**Work required:** Without including the pictures, copy each line below exactly as it reads.

+++ The data

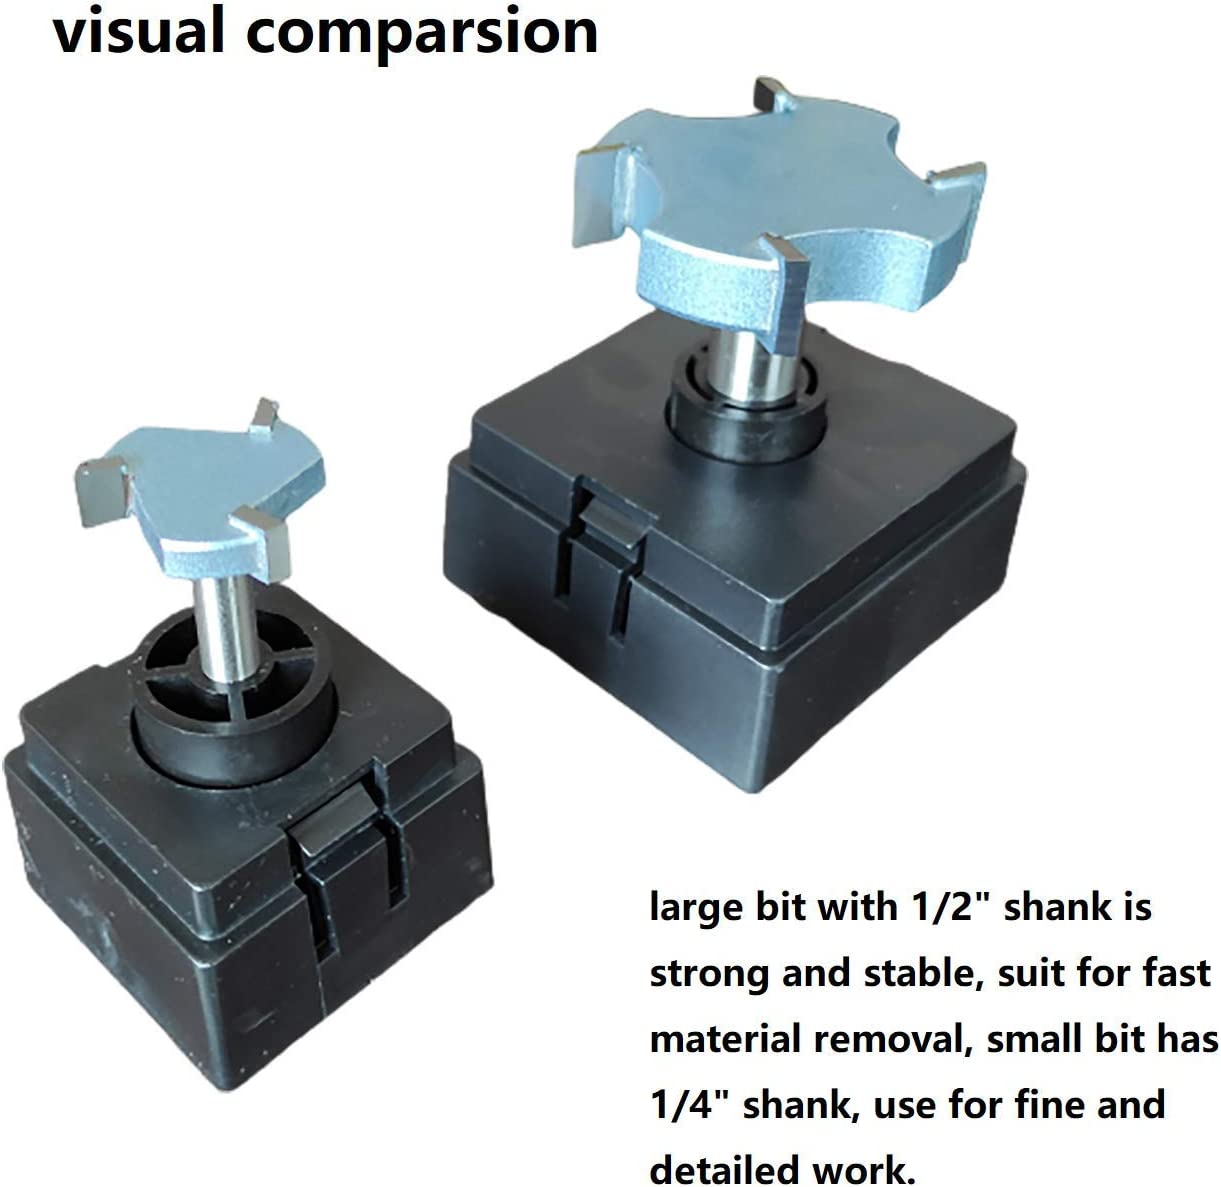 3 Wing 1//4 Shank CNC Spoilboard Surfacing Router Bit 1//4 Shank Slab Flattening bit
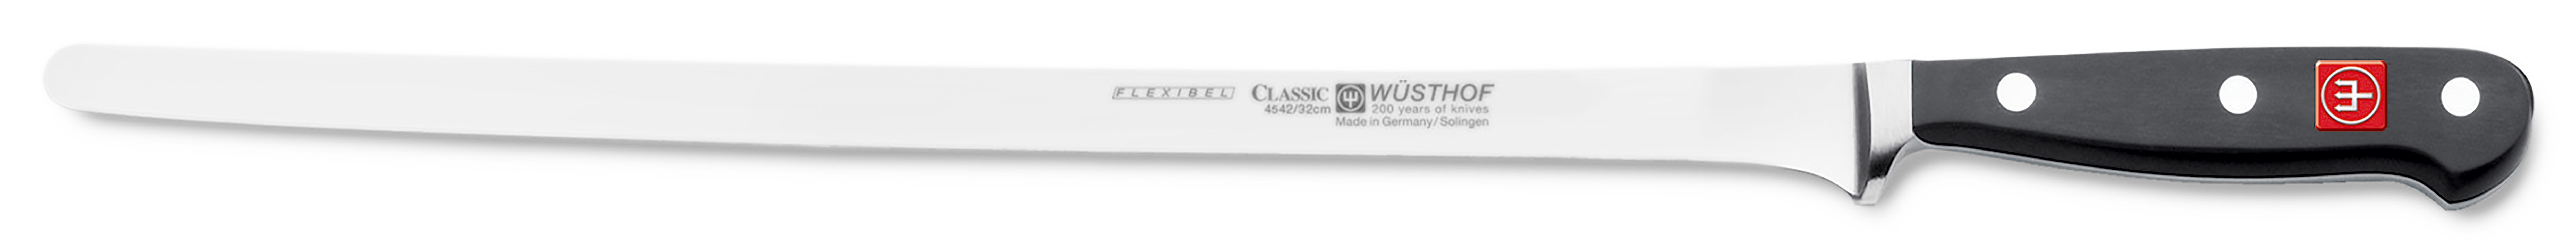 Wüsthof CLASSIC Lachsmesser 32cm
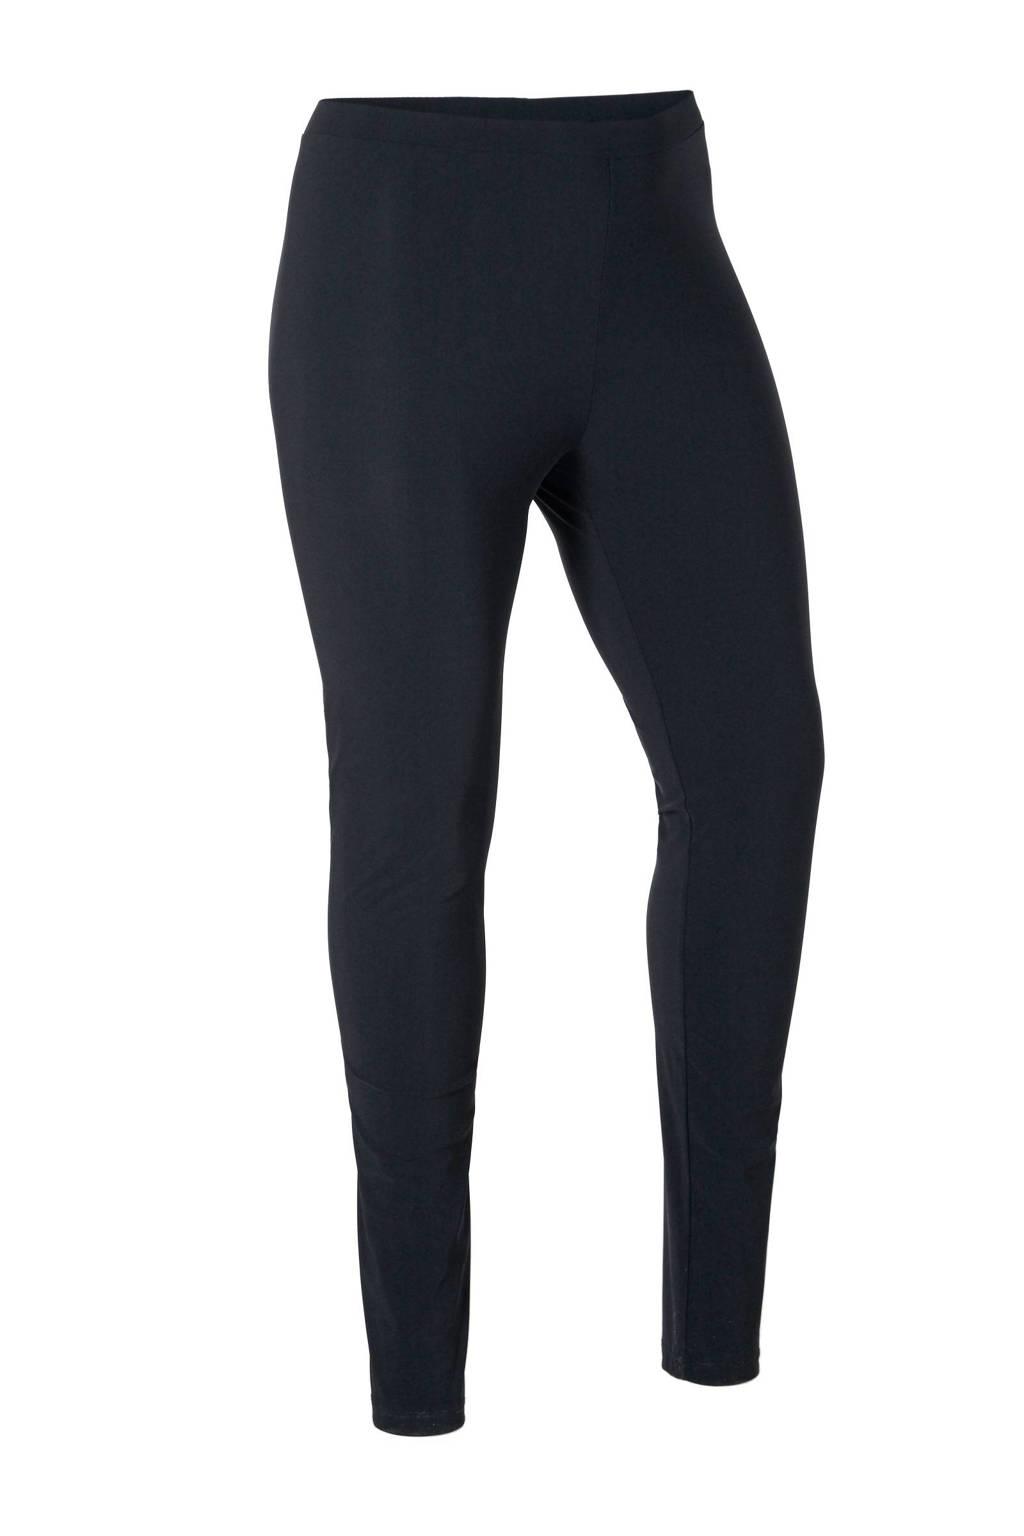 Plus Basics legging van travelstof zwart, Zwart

++++++

**Answer space:**
 3 Wing 1//4 Shank CNC Spoilboard Surfacing Router Bit 1//4 Shank Slab Flattening bit
 Wüsthof CLASSIC Lachsmesser 32cm
 Plus Basics legging van travelstof zwart, Zwart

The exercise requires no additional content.